Test whether the train and test sets have a similar distribution of univariate outliers.
Parameters:
X_train (np.ndarray): Train set features.
X_test (np.ndarray): Test set features.
alpha (float): P-value threshold for statistical significance (default=0.05).
method (str): Method to detect outliers ("IQR" or "Z-Score").
Returns:
dict: Dictionary with test results and interpretation for each feature.
"""
results = {}
for feature_idx in range(X_train.shape[1]):
train_feature = X_train[:, feature_idx]
test_feature = X_test[:, feature_idx]
# Detect outliers
if method == "IQR":
q1_train, q3_train = np.percentile(train_feature, [25, 75])
q1_test, q3_test = np.percentile(test_feature, [25, 75])
iqr_train = q3_train - q1_train
iqr_test = q3_test - q1_test
train_outliers = ((train_feature < q1_train - 1.5 * iqr_train) |
(train_feature > q3_train + 1.5 * iqr_train)).sum()
test_outliers = ((test_feature < q1_test - 1.5 * iqr_test) |
(test_feature > q3_test + 1.5 * iqr_test)).sum()
elif method == "Z-Score":
z_train = (train_feature - train_feature.mean()) / train_feature.std()
z_test = (test_feature - test_feature.mean()) / test_feature.std()
train_outliers = (np.abs(z_train) > 3).sum()
test_outliers = (np.abs(z_test) > 3).sum()
else:
raise ValueError("Invalid method.
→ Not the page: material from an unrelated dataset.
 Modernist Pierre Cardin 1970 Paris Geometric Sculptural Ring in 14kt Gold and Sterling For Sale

Choose 'IQR' or 'Z-Score'.")
# Combine counts into an array
outlier_counts = np.array([train_outliers, test_outliers])
# Perform chi-square test
_, p_value = chisquare(outlier_counts)
# Interpret significance
significance = "significant" if p_value <= alpha else "not significant"
interpretation = (
"Train and test outlier distributions differ significantly."
if p_value <= alpha
else "No significant difference in outlier distributions."
)
# Store results
results[f"Feature {feature_idx}"] = {
"Train Outliers": train_outliers,
"Test Outliers": test_outliers,
"P-Value": p_value,
"Significance": significance,
"Interpretation": interpretation,
}
return results
# Demo Usage
if __name__ == "__main__":
# Generate synthetic data
np.random.seed(42)
X_train = np.random.normal(loc=0, scale=1, size=(100, 5))
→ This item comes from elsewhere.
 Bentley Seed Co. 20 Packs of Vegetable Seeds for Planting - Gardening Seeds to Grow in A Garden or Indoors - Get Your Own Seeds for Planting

X_test = np.random.normal(loc=0.2, scale=1.2, size=(100, 5)) # Slightly shifted test set
# Perform the diagnostic test
results = univariate_outlier_distribution_test(X_train, X_test, alpha=0.05, method="IQR")
# Print results
print("Univariate Outlier Distribution Test Results:")
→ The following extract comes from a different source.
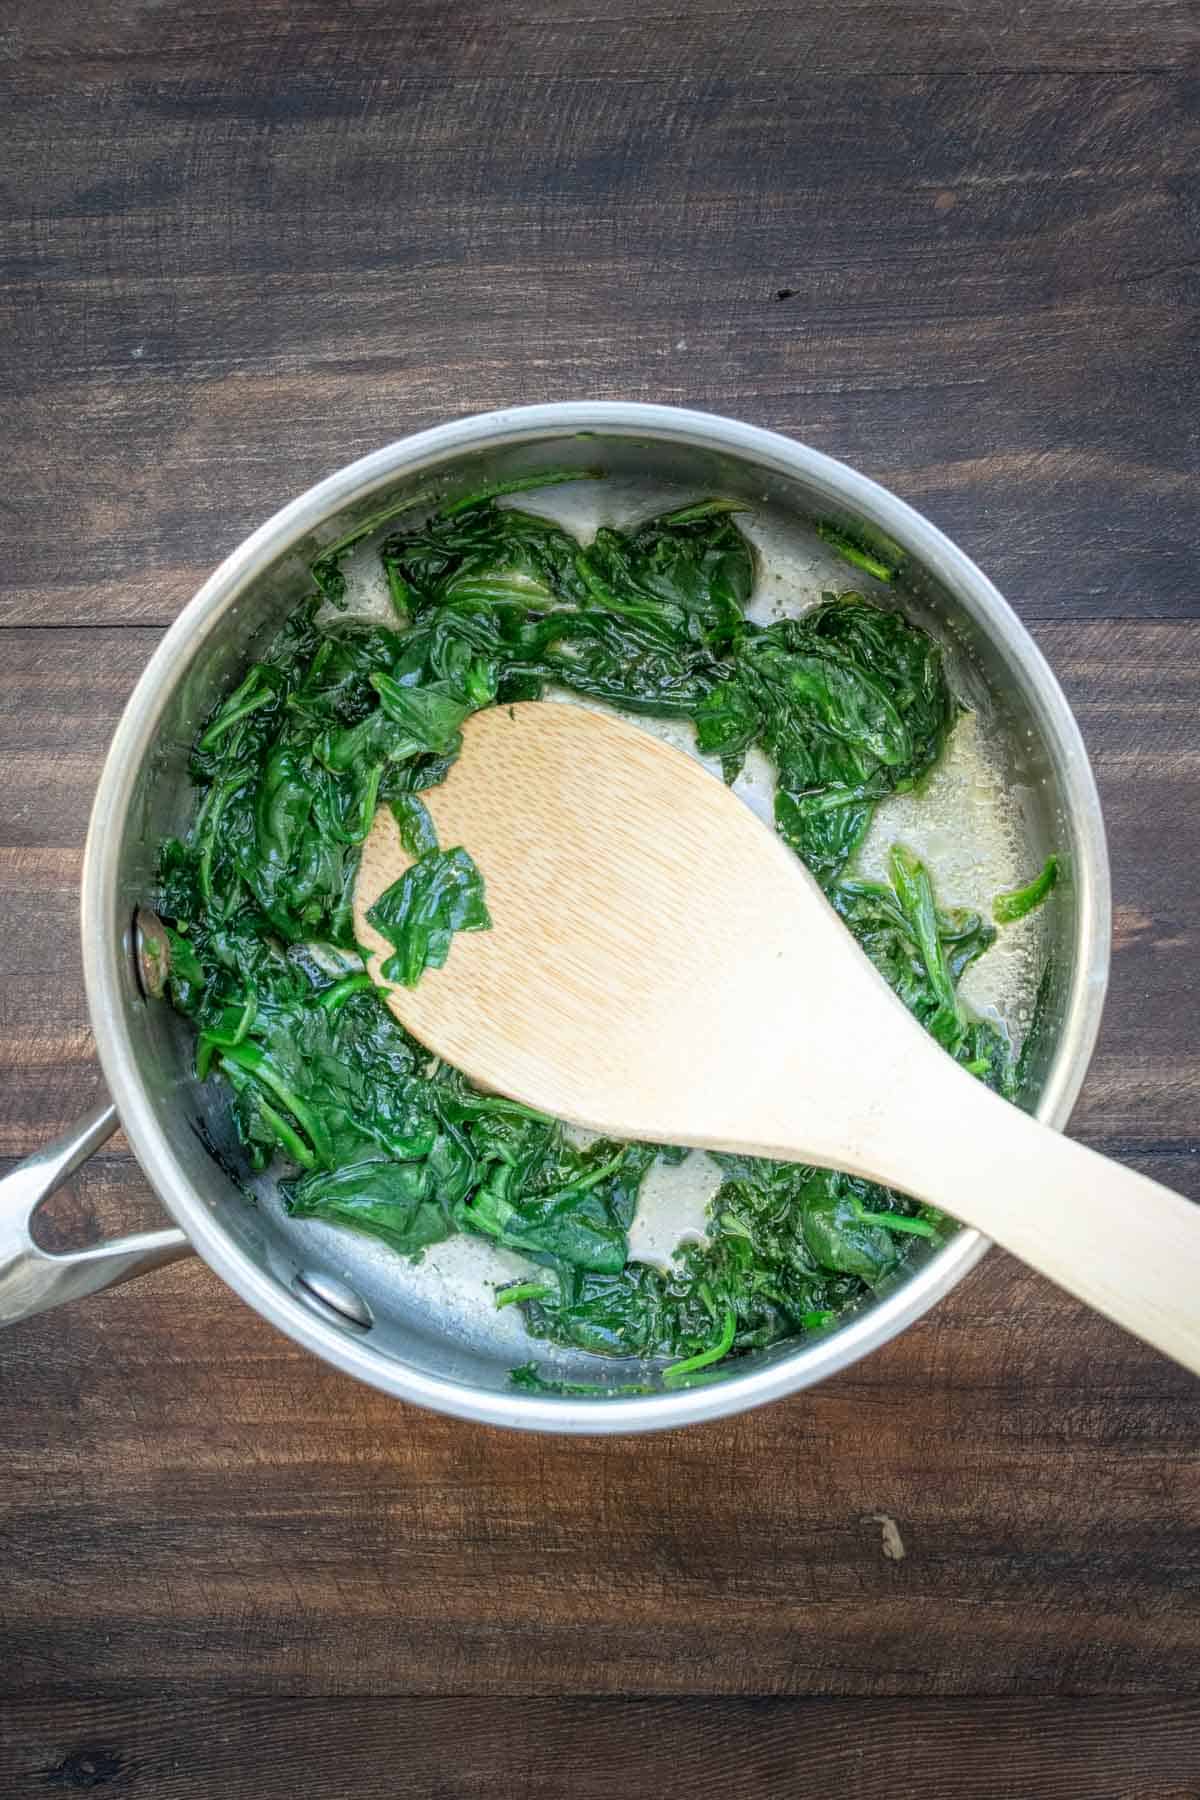 Spinach being sautéed with a wooden spoon in a metal pot

for feature, result in results.items():
print(f"{feature}:")
for key, value in result.items():
print(f" - {key}: {value}")
Example Output
/usr/local/lib/python3.12/site-packages/scipy/stats/_stats_py.py:7654: RuntimeWarning: invalid value encountered in divide
terms = (f_obs - f_exp)**2 / f_exp
Univariate Outlier Distribution Test Results:
Feature 0:
- Train Outliers: 0
- Test Outliers: 2
- P-Value: 0.15729920705028105
- Significance: not significant
- Interpretation: No significant difference in outlier distributions.
Feature 1:
- Train Outliers: 0
- Test Outliers: 0
- P-Value: nan
- Significance: not significant
- Interpretation: No significant difference in outlier distributions.
Feature 2:
- Train Outliers: 1
- Test Outliers: 3
- P-Value: 0.31731050786291115
- Significance: not significant
- Interpretation: No significant difference in outlier distributions.
Feature 3:
- Train Outliers: 1
- Test Outliers: 1
- P-Value: 1.0
- Significance: not significant
- Interpretation: No significant difference in outlier distributions.
Feature 4:
- Train Outliers: 1
- Test Outliers: 0
- P-Value: 0.31731050786291115
- Significance: not significant
- Interpretation: No significant difference in outlier distributions.